The case for Proportional Representation has never been stronger

Westminster isn’t working and we need change now.

Voting Ballot Box

Nancy Platts is the Coordinator for Politics for the Many, the trade union campaign for political reform.

We’re getting used to seeing strikes in the news with workers from different industries and sectors across the country, from nurses to post-workers, all having taken industrial action in the last twelve months.

But this week sees possibly the biggest day of industrial action we’ve seen in a generation, with over 100,000 civil servants walking out of government offices across the country, train drivers continuing their ongoing strike action and teachers and university staff joining picket lines too.

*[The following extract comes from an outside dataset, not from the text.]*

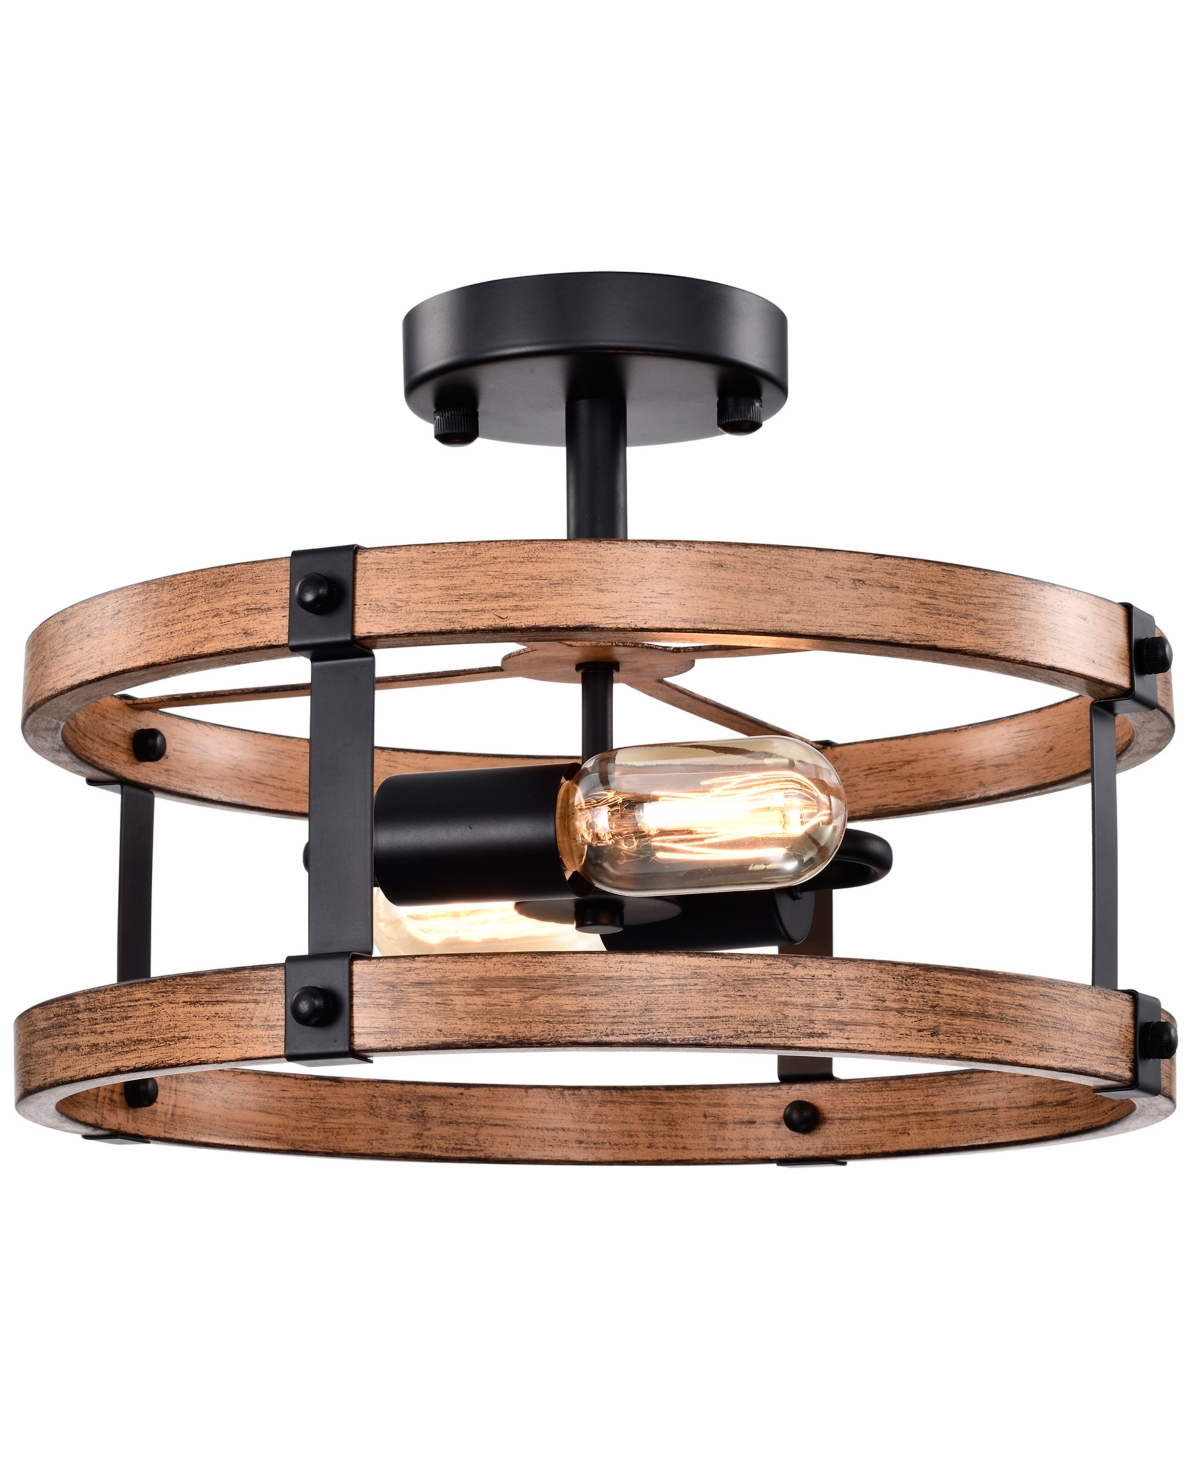 Home Accessories Deyan 14" Indoor Finish Semi-flush Mount Ceiling Light With Light Kit In Matte Black And Faux Wood Grain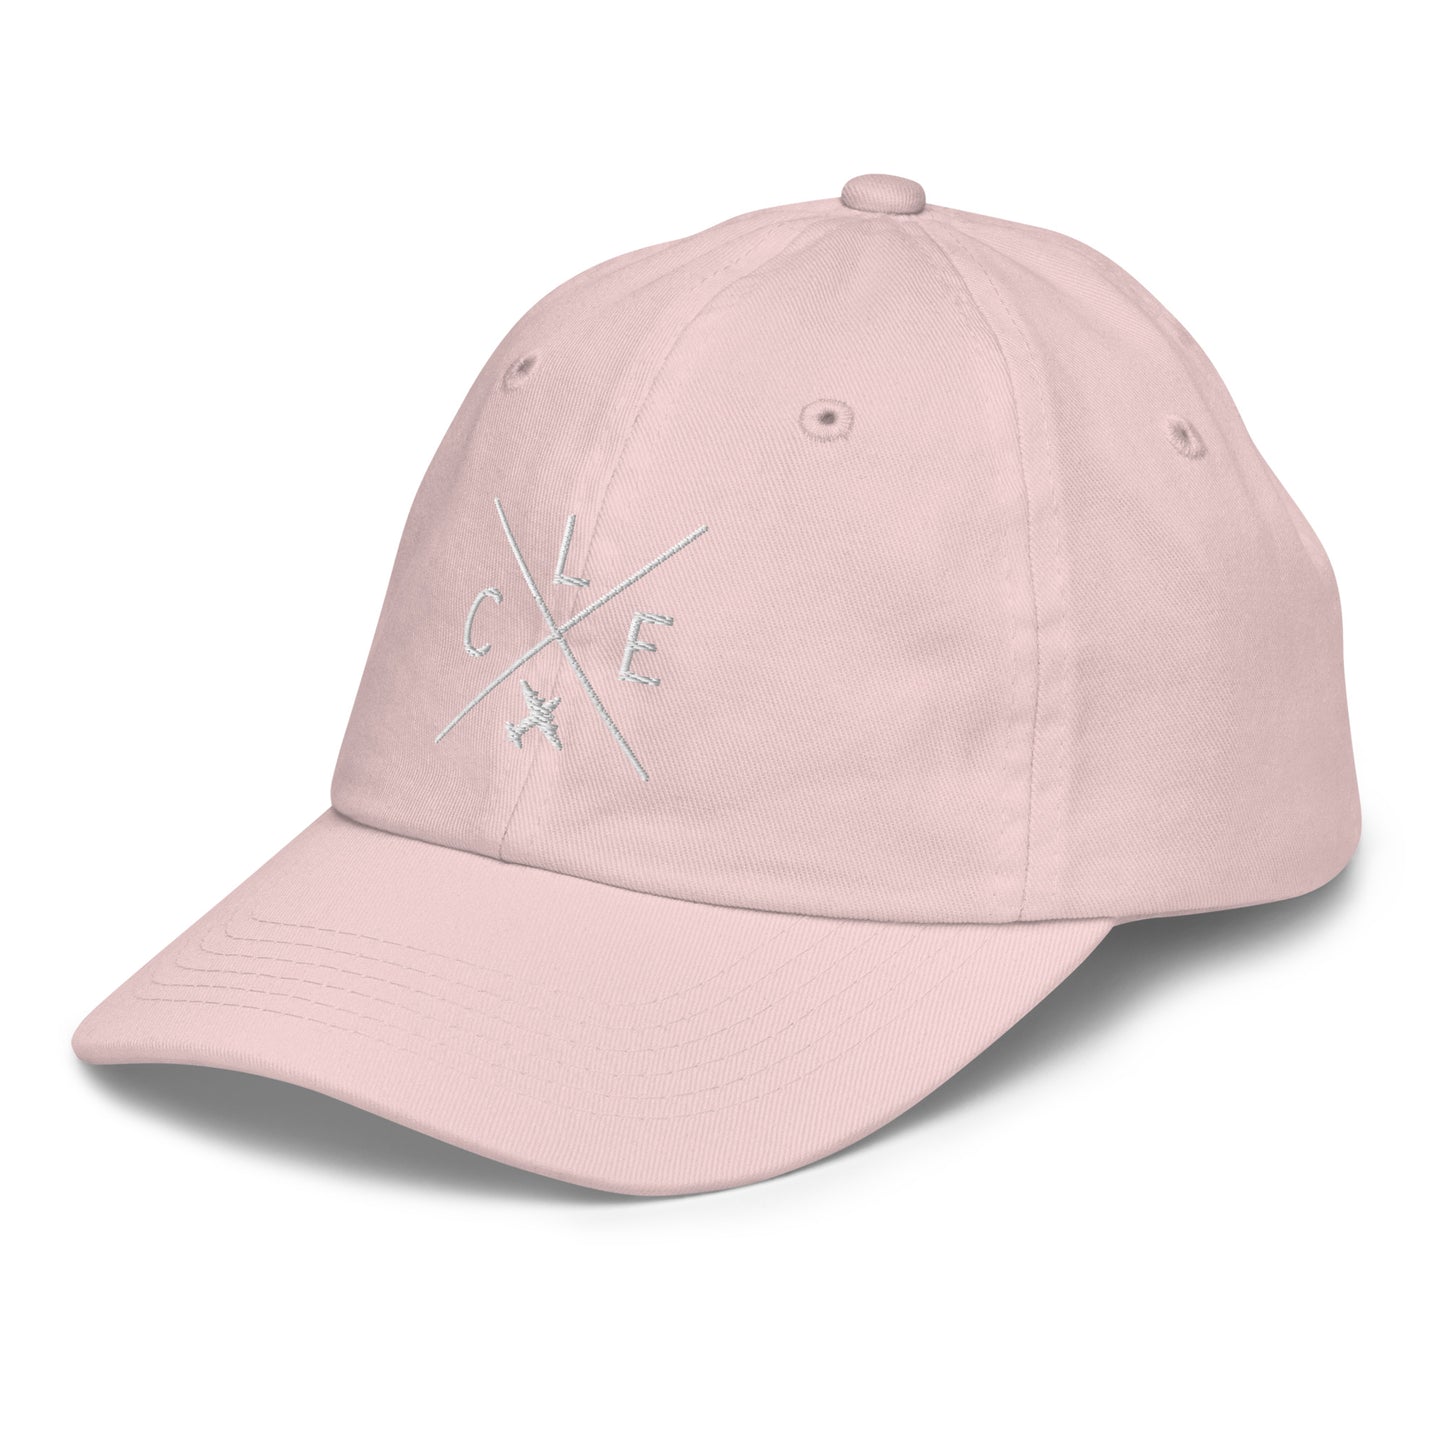 Crossed-X Kid's Baseball Cap - White • CLE Cleveland • YHM Designs - Image 33

The government’s response? To rush through anti-worker legislation that could see workers fired for taking action to defend their working conditions. Make no mistake, the Minimum Service Level Bill is more about suppression than it is about safety. Removing the rights of workers to stand up for their interests at a time of skyrocketing living costs and falling pay.

At the same time, we’re seeing scandal after scandal in Westminster. From partygate to PPE contracts and now Nadhim Zahawi finally sacked over his dodgy tax affairs and failure to come clean.

Politicians are playing by their own rules whilst ordinary people suffer.  The NHS is crumbling, the cost of living is rising and more and more people are struggling to make ends meet.

Even long-time Tory Rod Stewart took the time to call into Sky News last week to call for a change of government, slamming the Tories’ treatment of striking nurses and claiming he’d never seen the state of the country so bad.

Westminster isn’t working and we need change now.

But it’s not just the tired Tory government in power we need to fix. It’s the system that is keeping them there. The system that hands near total power to governments of the day who fail to represent the interests and the opinions of the people they’re meant to serve.

Working people are being let down by this Tory government because our electoral system means they can be. Our broken Westminster system means that those in power don’t have to govern in the interests of the majority – because when it comes to election time they know they don’t need a majority of their votes to win.

They’ve repeatedly refused to negotiate or find common ground with public sector workers attempting instead to use the issue to drive a wedge between those workers and the rest of us, banking that they can use this conflict to shore up the support of those voters they do need while ignoring and even antagonising, those they don’t.

This kind of politics means the views and voices of too many of us are ignored by politicians in Westminster. The result is the chaos we see with a government more interested in the survival of itself and its allies than addressing the big political issues of the day.

We need a new kind of politics where the views of ordinary people are heard in Westminster, where governments are accountable to the people and, their focus is on the issues that matter to them.

That’s why we need proportional representation.

Only when every vote counts and we have a parliament that accurately reflects the view of voters across the country will our politics in turn begin to reflect it too.

It would end the ability of politicians to play the interests of one group of voters against the other by ensuring that a full range of opinions is reflected in parliament – amplifying the voices of the working people that are being ignored by this Tory government.

Until then the chaos we see will continue – with workers forced to take to the picket line to have their voices heard while ministers stumble from scandal to scandal appearing to care little more than advancing their own interests.

It’s clear that Westminster is the cause of Britain’s political problems and PR must be part of the answer.